If you do cross the 300GB, you'll have some issues though. It probably is not a good idea to backup to a server with less capacity than the original system, you are backing up. Particularly, if you want to do incremental backups.
 
Also depends on whether the primary system already has compression on. If not and if the files are compressible then the backup disk lasts longer if you turn on compression on the backup.

A stupid trick against overflow would be to create a 200 GB file filled with junk and exclude it from the backup. That way you won't add too much to the primary.
 
Dear Tracker,
you might want to delete snapshots of boot environments which are no more required for you. This would free some space.
 
You can send a zfs stream over a ssh session, i.e
It's actually a local disk - but thanks this is useful to know zfs send/recv. Isn't there an option though where I could just connect the backup disk occasionally to the system and it would automatically mirror the contents? I was under the impression it worked that way.
Replace doas with sudo or whatever floats your boat. This also works with incremental snapshots.
I haven't used doas .... will try to read up on sudo vs doas.
Particularly, if you want to do incremental backups.
What is it about incremental backups specifically?
Also depends on whether the primary system already has compression on. If not and if the files are compressible then the backup disk lasts longer if you turn on compression on the backup.
`zfs get compression` give lz4
you might want to delete snapshots of boot environments which are no more required for you. This would free some space.

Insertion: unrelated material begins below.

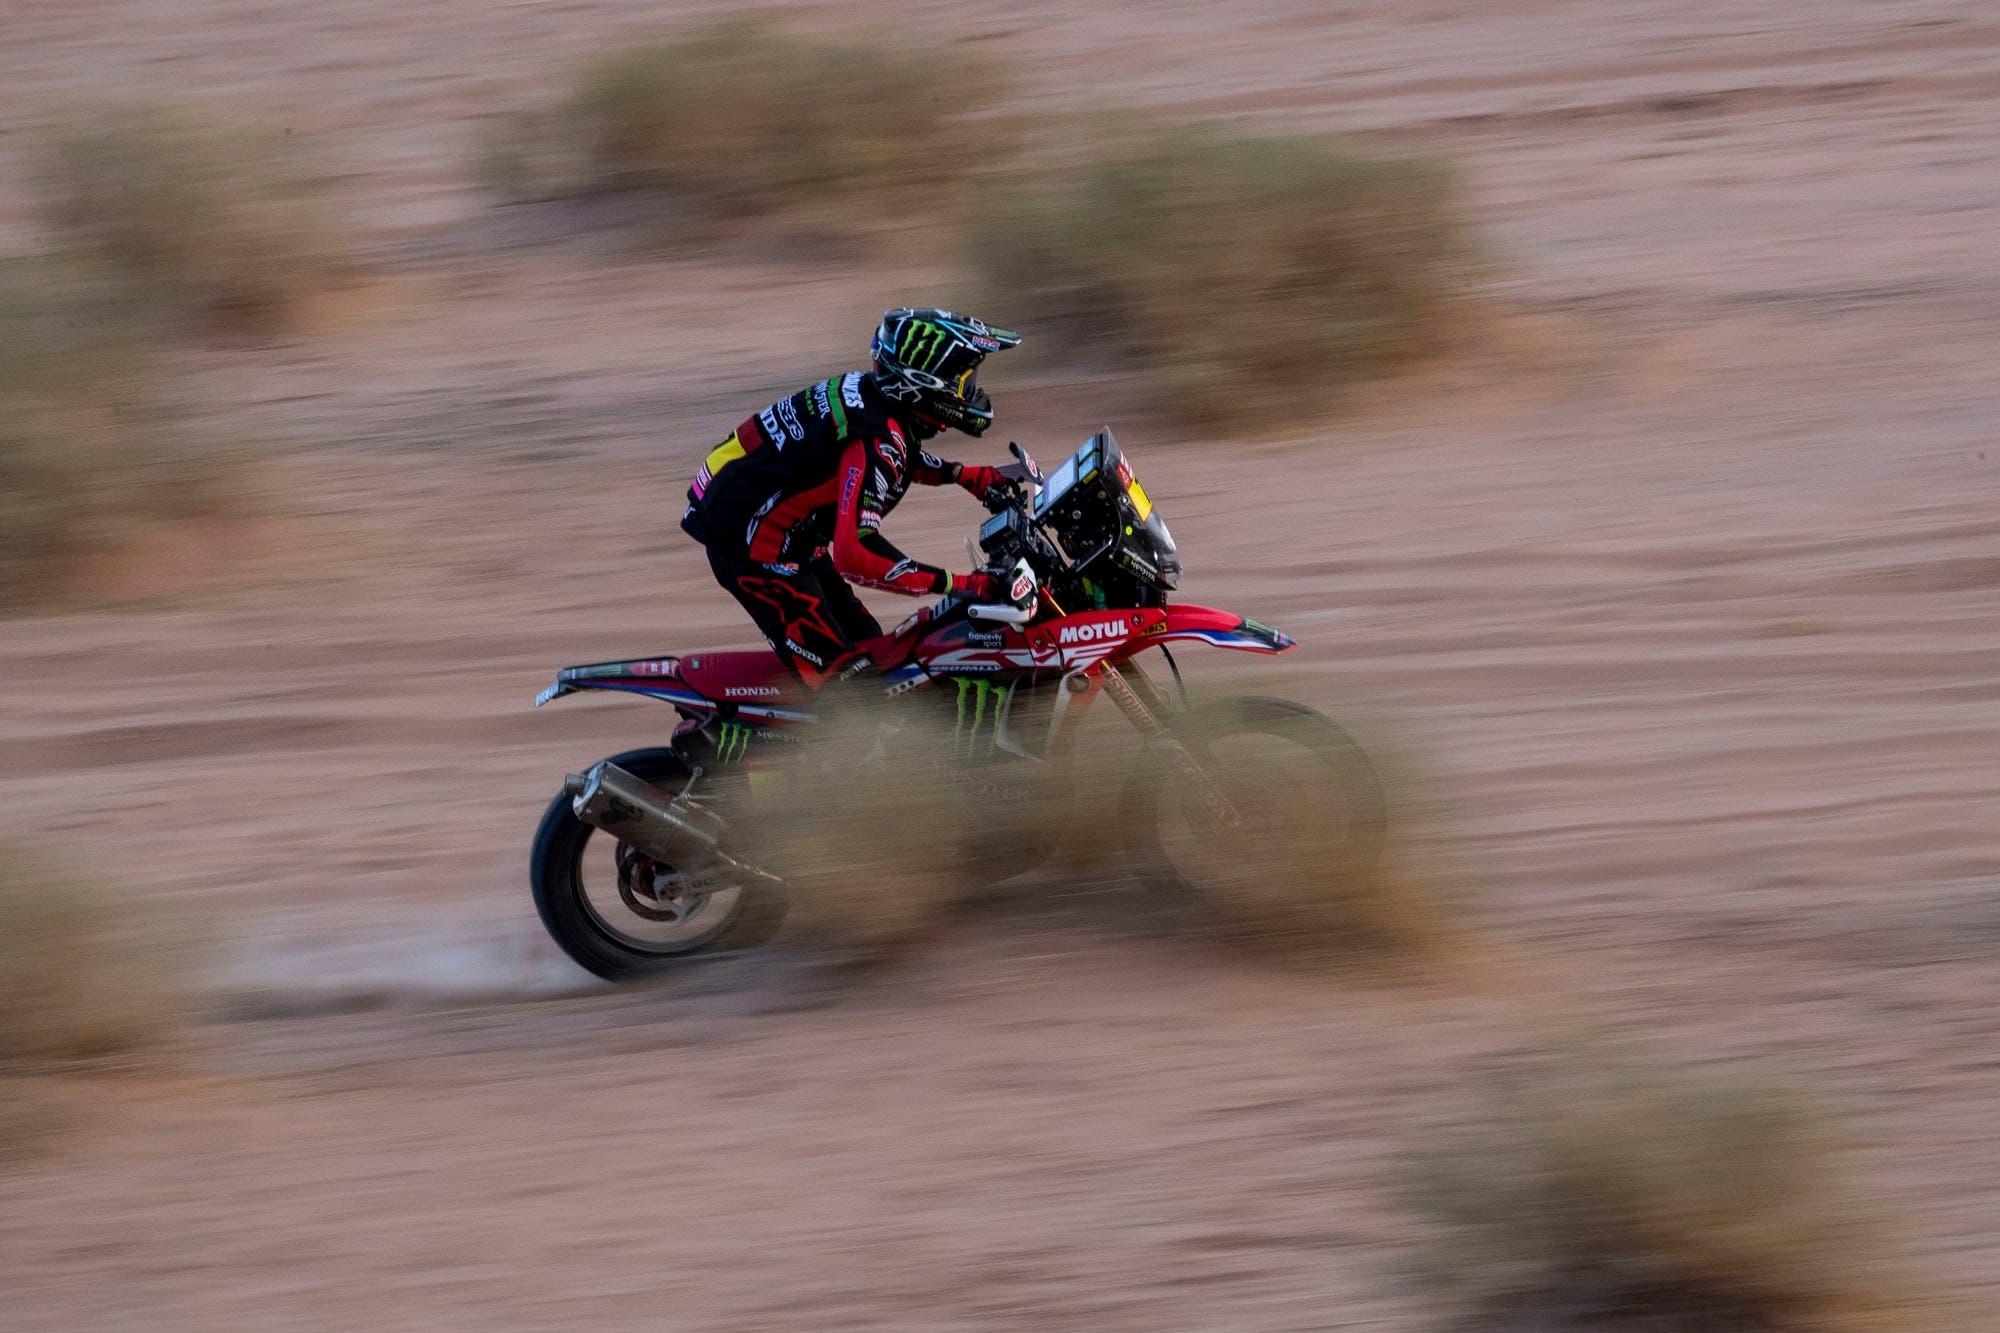 Dakar 2020: se terminó el sueño para Kevin Benavides, mientras Orly Terranova se mantiene quinto en la general

That makes sense - although I've had a nasty experience where my zfs got corrupted and had to rely on BEs to save the day - so I'd rather have a few of them
A stupid trick against overflow would be to create a 200 GB file filled with junk and exclude it from the backup. That way you won't add too much to the primary.

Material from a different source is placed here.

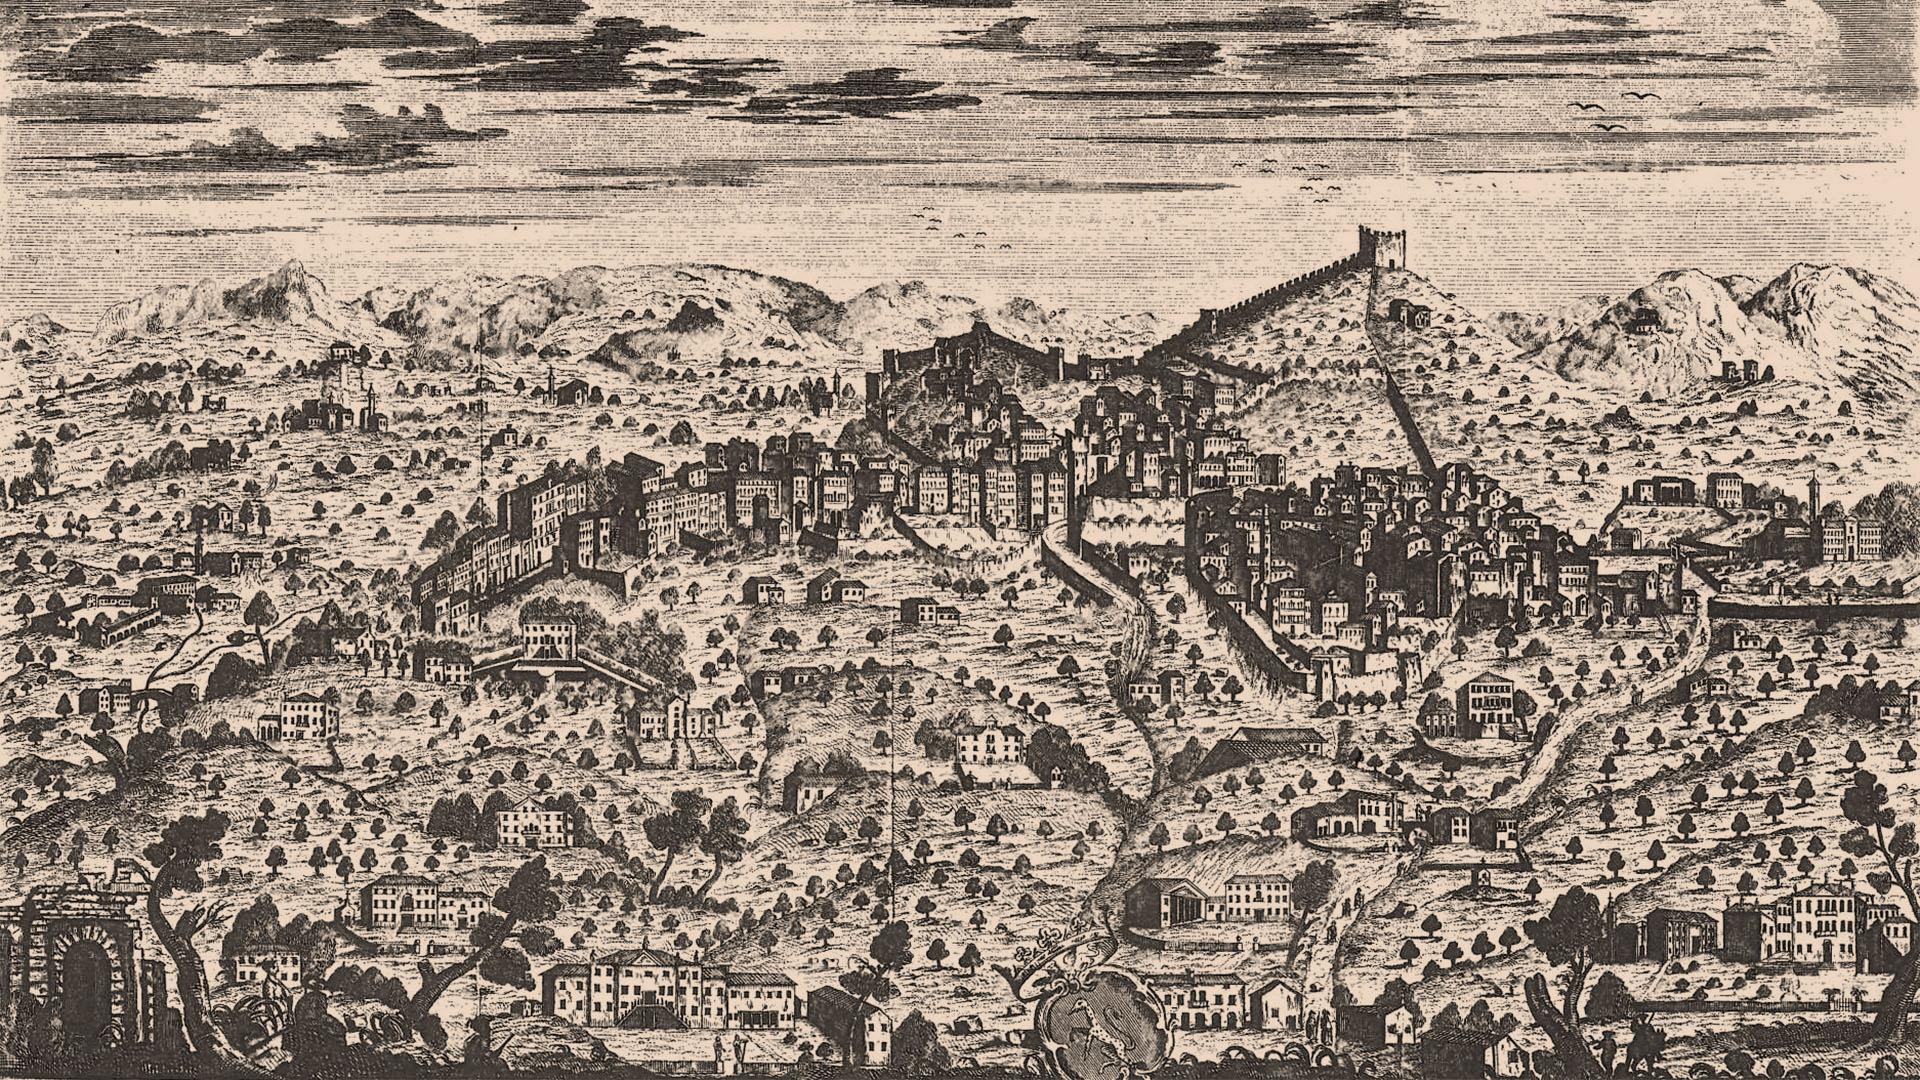 View of Asolo, M. S. Giampiccoli, 1780 AD

Not sure I follow - do you mean I should fill up primary disk with junk? I suppose any kind of mirroring would copy that as well - maybe I am unable to understand what you're suggesting.
 
Not sure I follow - do you mean I should fill up primary disk with junk? I suppose any kind of mirroring would copy that as well - maybe I am unable to understand what you're suggesting.

That would only help if you use a backup method that allows you to exclude the junk file. Rsync, or zfs subfilesystems leaving one out.
 
I was somehow under the impression that zfs raid/mirror setup might work automatically when connecting to the system and mirroring contents automatically. Guess I was wrong.